The following discussion is intended to facilitate the understanding of the invention, but is not intended nor admitted to be prior art to the invention.
Obesity is a public health problem that is serious, widespread, and increasing. In the United States, 20 percent of the population is obese; in Europe, a slightly lower percentage is obese (Friedman (2000) Nature 404:632-634). Obesity is associated with increased risk of hypertension, cardiovascular disease, diabetes, and cancer as well as respiratory complications and osteoarthritis (Kopelman (2000) Nature 404:635-643). Even modest weight loss ameliorates these associated conditions.
While still acknowledging that lifestyle factors including environment, diet, age and exercise play a role in obesity, twin studies, analyses of familial aggregation, and adoption studies all indicate that obesity is largely the result of genetic factors (Barsh et al (2000) Nature 404:644-651). In agreement with these studies, is the fact that an increasing number of obesity-related genes are being identified. Some of the more extensively studied genes include those encoding leptin (ob) and its receptor (db), pro-opiomelanocortin (Pomc), melanocortin-4-receptor (Mc4r), agouti protein (Ay), carboxypeptidase E (fat), 5-hydroxytryptamine receptor 2C (Htr2c), nescient basic helix-loop-helix 2 (Nhlh2), prohormone convertase 1 IPCSK1), and tubby protein (tubby) (rev'd in Barsh et al (2000) Nature 404:644-651).
The gene encoding leptin, one of the most widely studied obesity genes, is involved in the mechanisms of satiety (rev'd in Schwartz et al (2000) Nature 404:661-671). Leptin is a plasma protein of 16 kDa produced by adipocytes (Zhang et al ((1994) Nature 372:425-432). Mice with an autosomal recessive mutation in this gene (ob/ob mice) are obese and hyperphagic. Similarly, mice with an autosomal recessive mutation of the leptin receptor (db/db mice, for example) are also obese (Campfield et al (1995) Science 269:546-549). Administration of leptin to ob/ob, but not db/db, mice corrects their relative hyperphagia and allows normalization of their weight (Weigle (1995) J. Clin. Invest. 96:2065-2070).

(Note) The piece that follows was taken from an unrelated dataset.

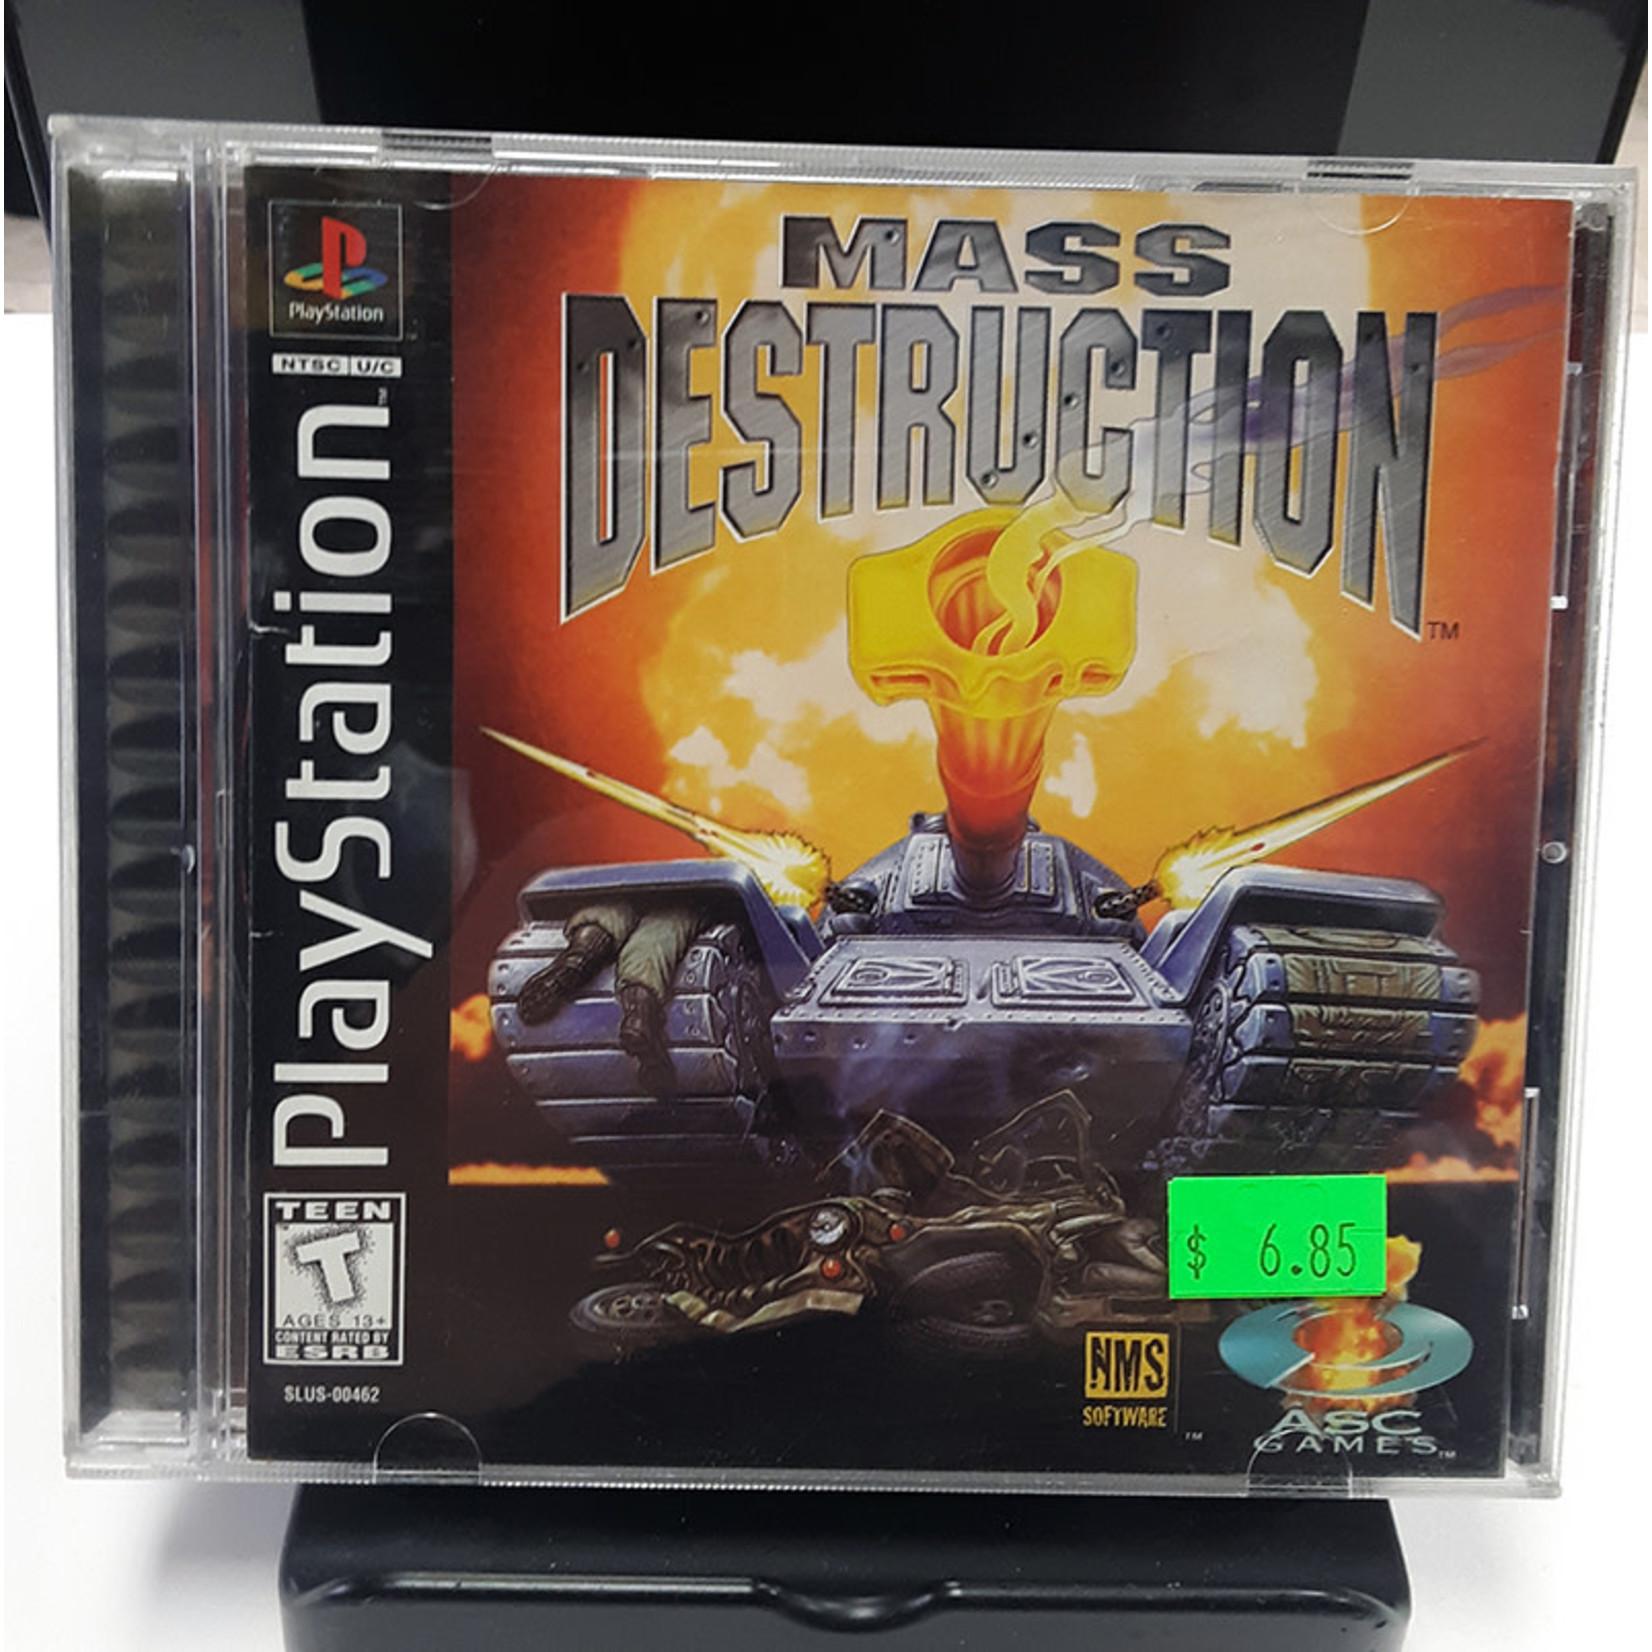 ps1u-mass destruction

Leptin circulates in the body at levels proportional to body fat content (Considine et al (1996) New Eng J Med 334:292-295) and enters the central nervous system (CNS) at levels proportional to the plasma level (Schwartz et al (1996) Nature Med 2:589-593). Leptin receptors are expressed by brain neurons involved in energy intake (Baskin et al (1999) Diabetes 48:828-833; Cheung et al (1997) Endocrinology 138:4489-4492) and administration of leptin into the brain reduces food intake (Weigle (1995) J. Clin. Invest. 96:2065-2070; Campfield et al (1995) Science 269:546-549), whereas its deficiency increases food intake (Zhang et al (1994) Nature 372:425-432).
Despite this clear evidence of leptin's role as an adiposity signal, with only a few exceptions the genes encoding leptin or its ob receptor have proved to be normal in obese human subjects (Kopelman et al (2000) Nature 404:635-643). Furthermore, and paradoxically, the plasma concentrations of leptin, are abnormally high in most obese human subjects (Considine et al (1996) New Eng J Med 334:292-295).